Une leçon à tirer de la nouvelle bulle financière immobilière

Deux événements survenus dans les premières semaines de 2024 – la résurgence de la crise des banques communautaires aux États-Unis et la faillite du conglomérat chinois Evergrande – sont venus nous rappeler que la crise financière de 2007-2008 n’est pas terminée et que nous sommes assis sur un volcan au bord de l’éruption. Ces deux incidents sont en rapport avec la bulle immobilière, mais les leçons à en tirer sont différentes.

La New York Community Bancorp (NYCB) est l’une des plus grandes banques américaines et l’un des premiers organismes prêteurs de la région métropolitaine de New York. À la fin de l’exercice 2023, ses actifs totaux s’élevaient à 116,32 milliards de dollars et ses actions à 10,82 milliards. Depuis quelques jours, ses actions ont chuté de plus de 50 %.

La NYCB a annoncé des pertes le 31 janvier et réduit les dividendes en conséquence. Comme nombre de prêteurs régionaux ayant une forte exposition à l’immobilier commercial, elle a été frappée de plein fouet par la politique de taux d’intérêt élevés de la Réserve fédérale. Selon Morgan Stanley, quelque 18 % des prêts immobiliers commerciaux aux États-Unis sont détenus par des banques dont les actifs se situent entre 50 et 250 milliards de dollars, et environ 24 % par des banques plus importantes, les 58 % restants étant émis par des petites banques ayant moins de 50 milliards de dollars d’actifs.

La crise de la NYCB a affecté la valeur de toutes les actions bancaires à Wall Street, car le système est tellement pourri que même la défaillance d’une banque petite ou moyenne fait vaciller le château de cartes.

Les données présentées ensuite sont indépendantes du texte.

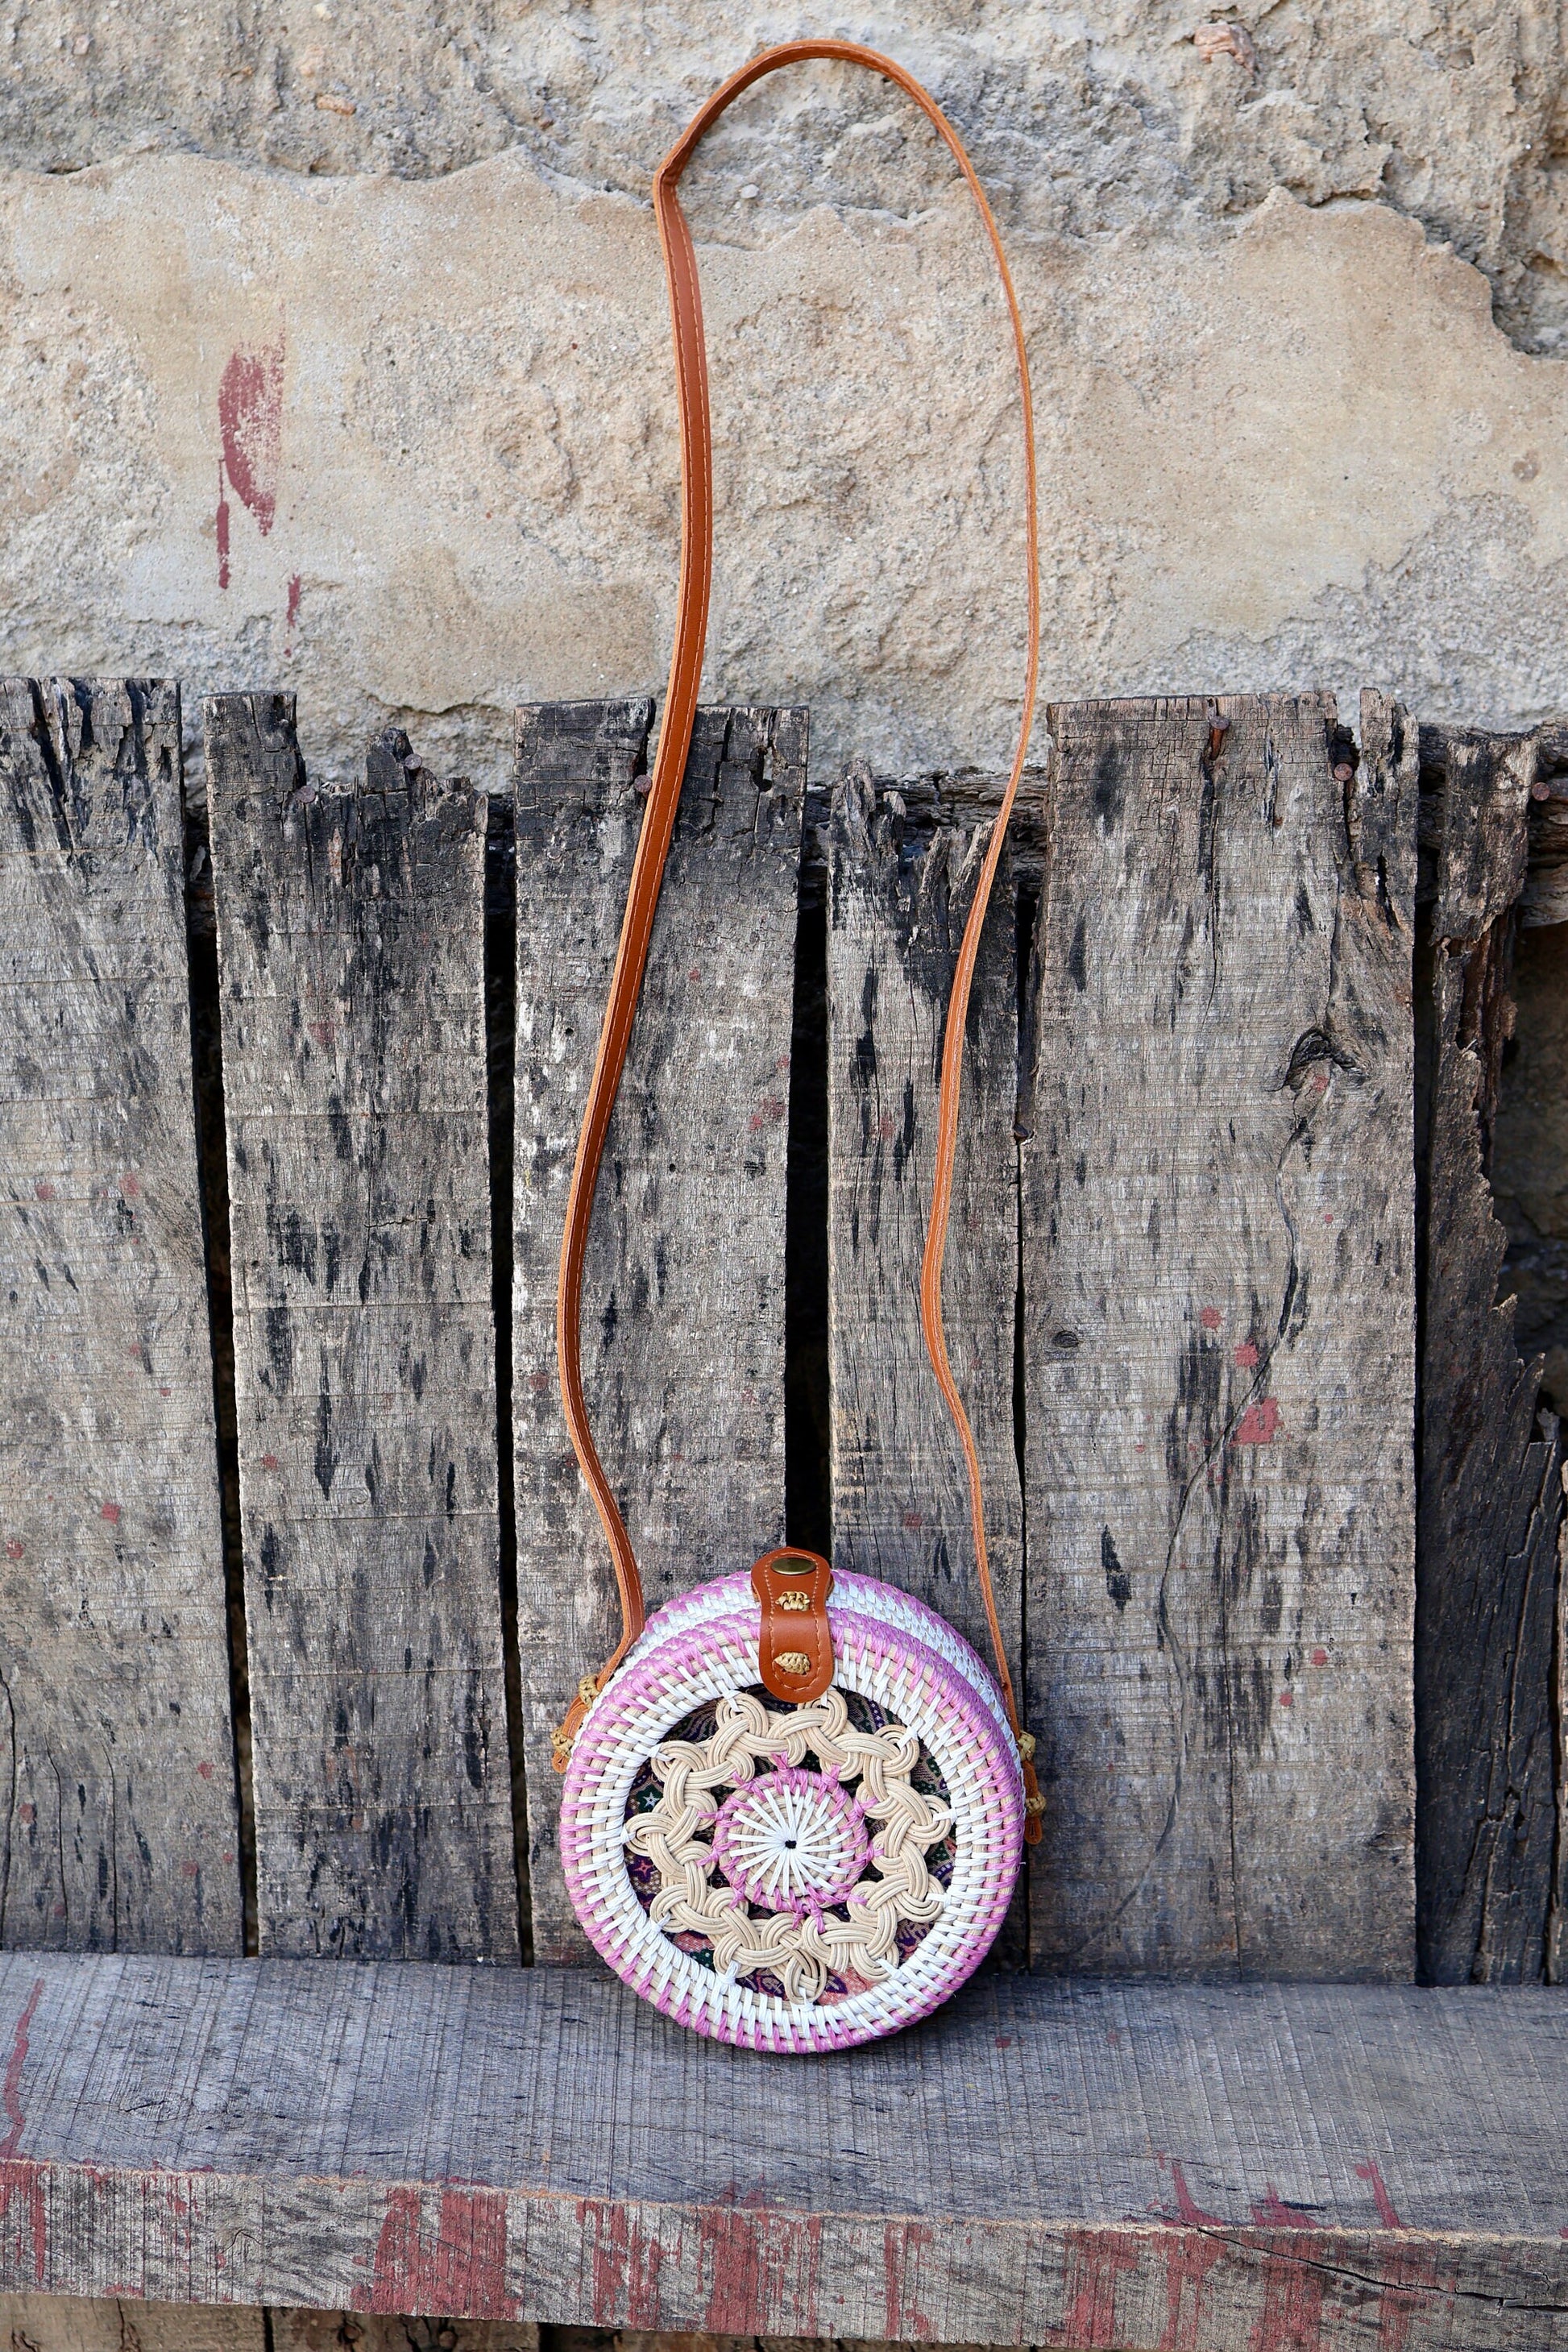 Pink Round Rattan Bag with Braid Pattern, Bali Bags, Handwoven Crossbody Purse, Braided Straw Bag, Bali Sling Bags Rattan Bags Gift for her

Des analystes du quotidien financier allemand Handelsblatt ont de leur côté signalé une nouvelle vague de risques liés à l’immobilier commercial, affectant des banques de niveau mondial, dont la Deutsche Bank. Cette dernière a quadruplé ses provisions pour les prêts immobiliers américains par rapport à l’année précédente. La banque japonaise Aozora a également augmenté ses provisions en rapport avec l’immobilier commercial américain, entraînant la première perte annuelle de la banque depuis la crise financière.

Quant à la société Evergrande, qui est le plus gros investisseur immobilier de Chine, elle a son siège aux îles Caïmans. Avec une dette de plus de 300 milliards de dollars, cela représente la plus grande faillite à ce jour, et le liquidateur devra décider qui sera remboursé et à quelle hauteur. Le gouvernement chinois a décidé que la priorité serait donnée aux clients ayant déjà acheté un logement mais qui n’en ont pas encore pris possession. Il n’autorisera aucune liquidation qui empêcherait l’achèvement des projets, de sorte que les succursales sur le territoire chinois resteront opérationnelles.

Les créanciers offshore d’Evergrande connaîtront un autre sort. Environ 26 % de la dette de la société est offshore, pour un montant d’environ 80 milliards de dollars, et selon une estimation de S&P, son remboursement ne dépassera probablement pas 2,8 %.

Bien que la faillite d’Evergrande ait fait chuter le marché boursier chinois, celui-ci ne représente qu’environ 60 % du PIB de la Chine. En comparaison, le ratio entre Wall Street et le PIB américain avoisine 150 %.

Ces deux cas appellent une remarque évidente. Le système financier mondial est dominé par la règle du « too big to fail » (trop gros pour faire faillite), qui protège les spéculateurs, tandis qu’en Chine, une société géante peut être liquidée et les spéculateurs condamnés à en assumer les pertes. L’impact sur l’économie nationale est limité car le système bancaire est régulé par la séparation entre banques commerciales et banques d’investissement. La suppression de cette régulation aux États-Unis et, par la suite, en Europe, est la principale cause de la crise financière actuelle. Il est donc grand temps de réintroduire cette séparation (la fameuse loi Glass-Steagall), avant l’éruption du volcan.